> [Assigned task]
Only some lines are wanted: please transcribe exactly those from the one containing "Footwear - Ankle" through the end of the data, pictures excluded.

> [Material provided]
____________________

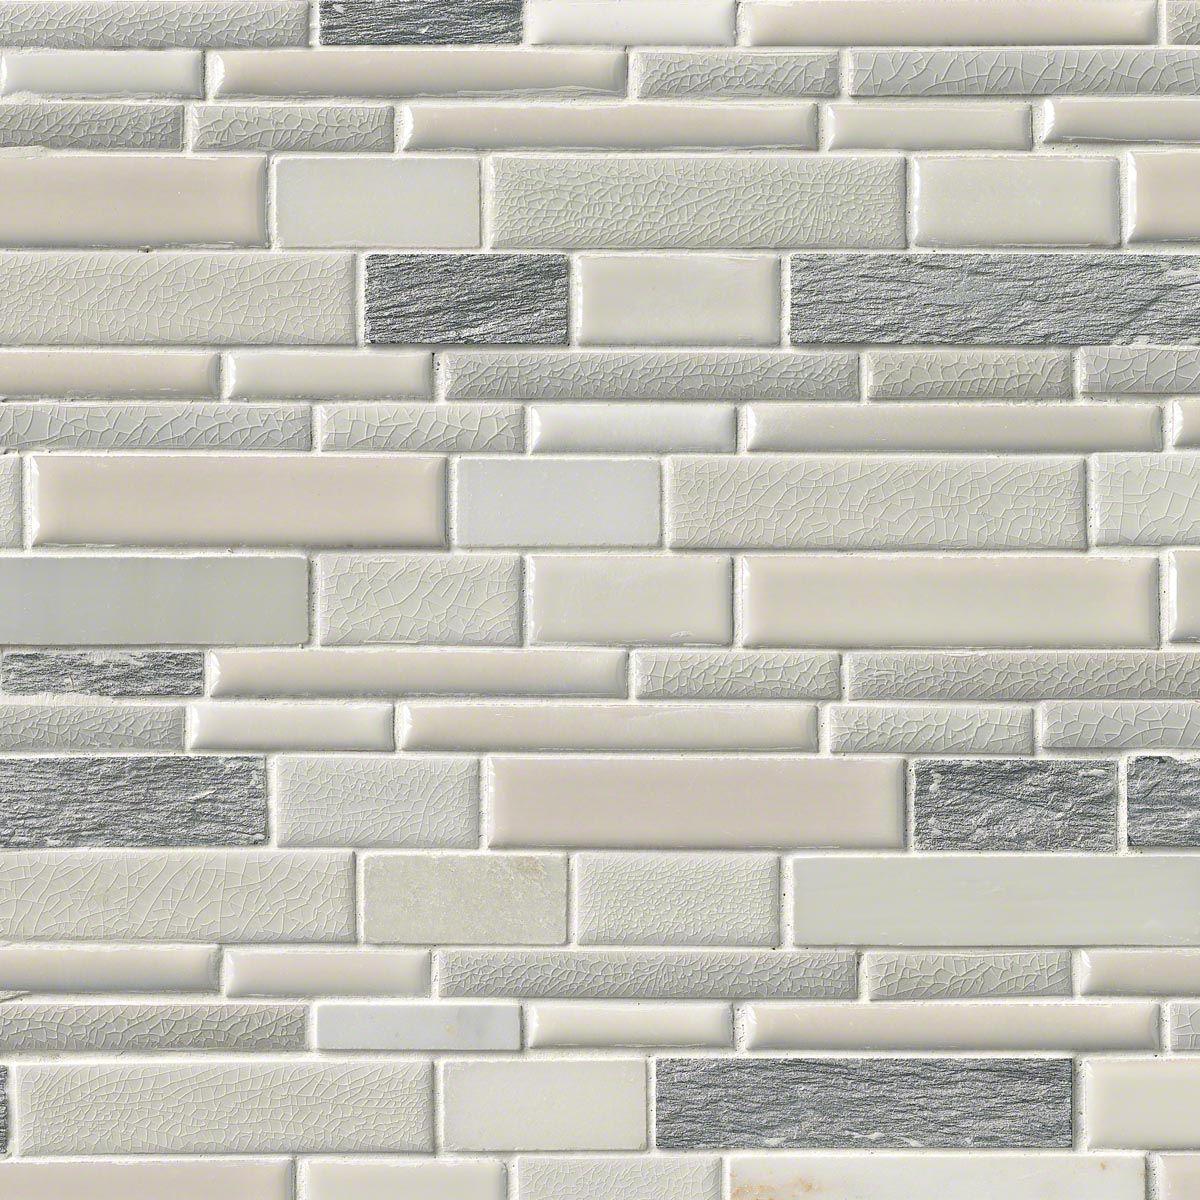 Everest interlocking pattern 8 mm backsplash wall tile tile everest interlocking pattern 8 mm backsplash wall tile dailygadgetfo Images
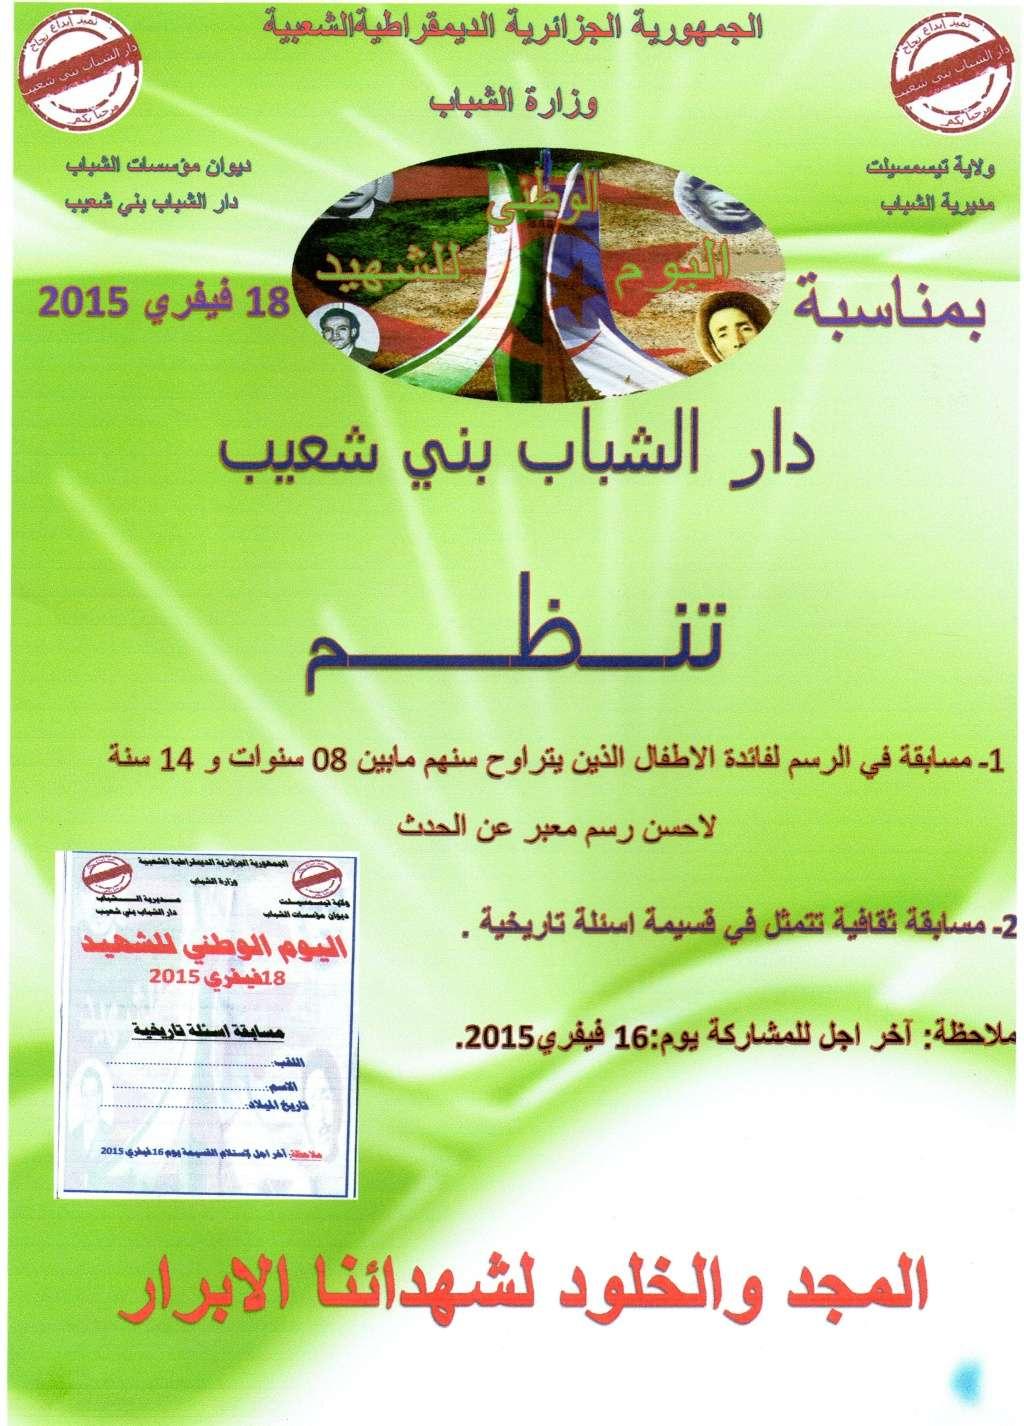 منتدى دار الشباب بني شعيب - نشاطات دار الشب Img00610
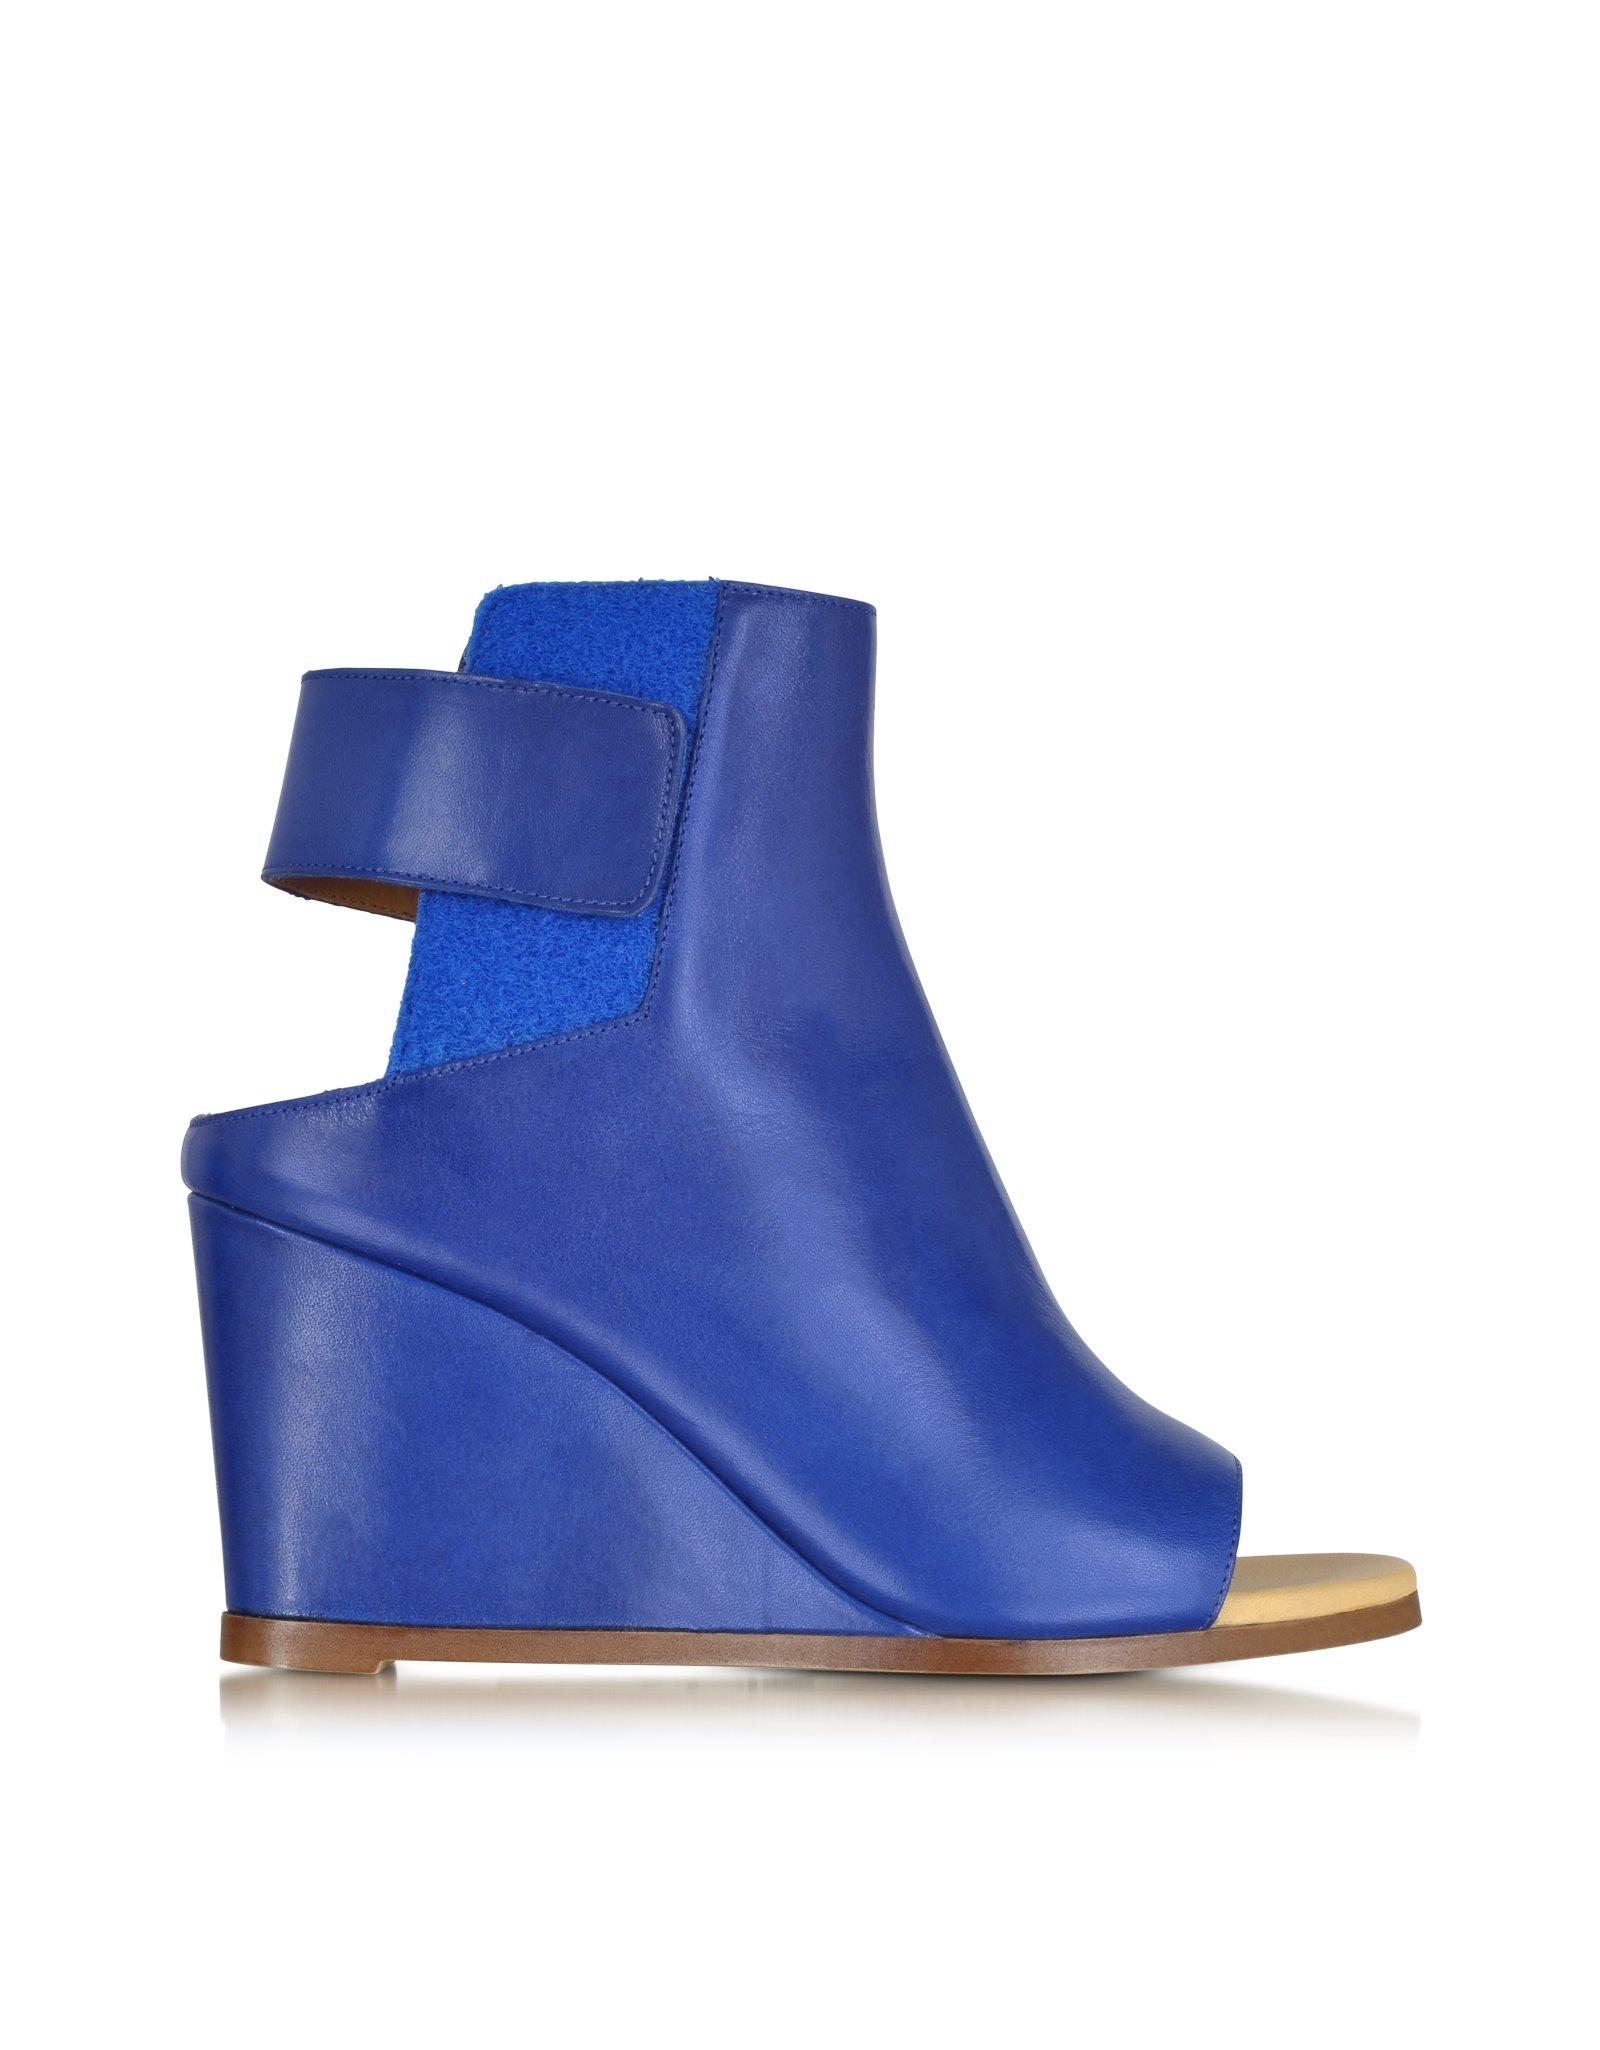 Footwear - Ankle Boots Maison Martin Margiela Thm0bR
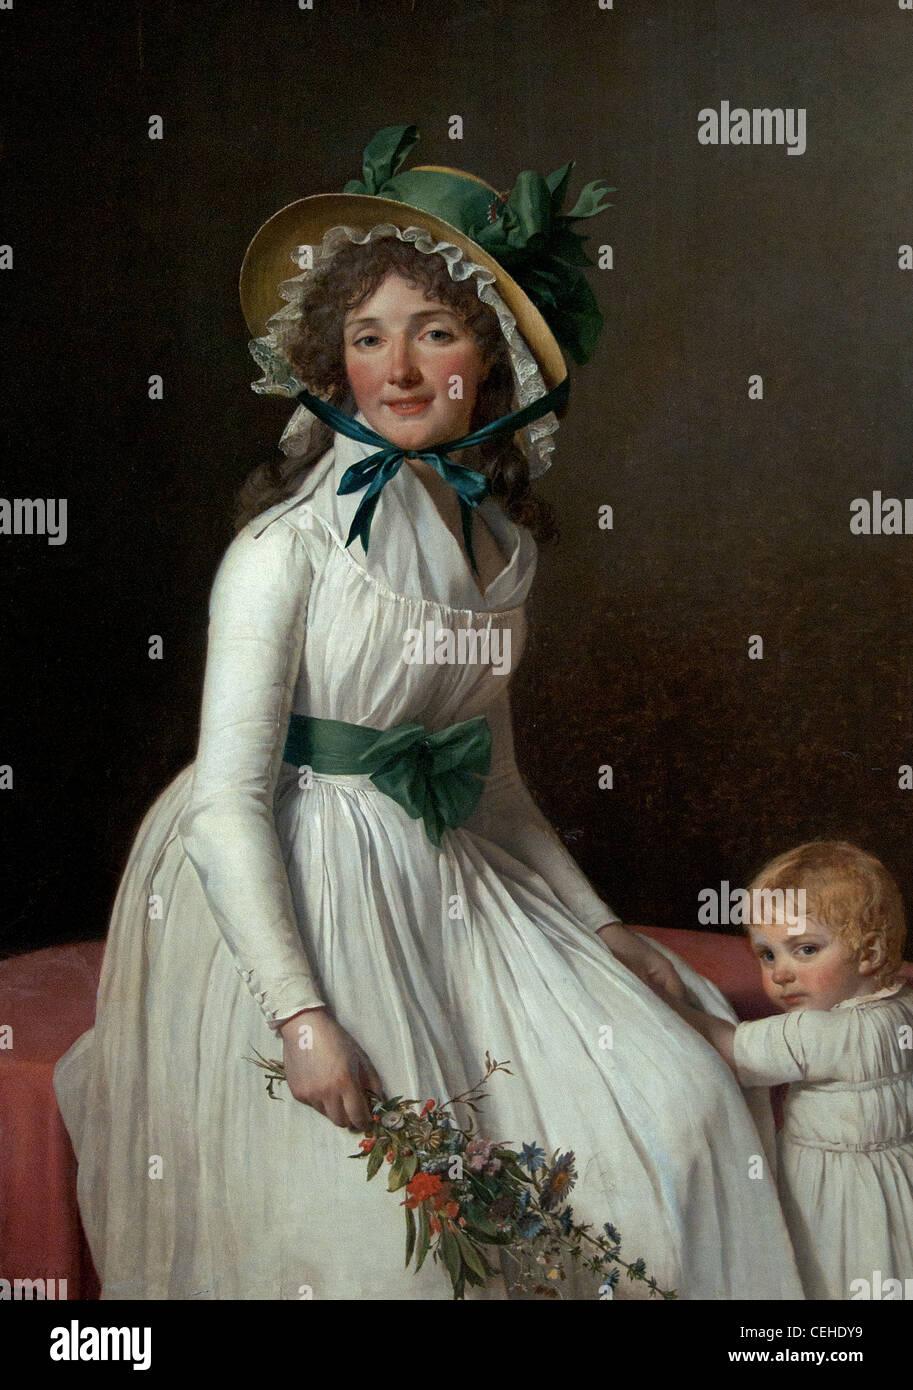 Madame Pierre Seriziat 1795 Jacques-Louis David 1748 – 1825 France French - Stock Image

____________________

> [Your response]
 Footwear - Ankle Boots Maison Martin Margiela Thm0bR
 Madame Pierre Seriziat 1795 Jacques-Louis David 1748 – 1825 France French - Stock Image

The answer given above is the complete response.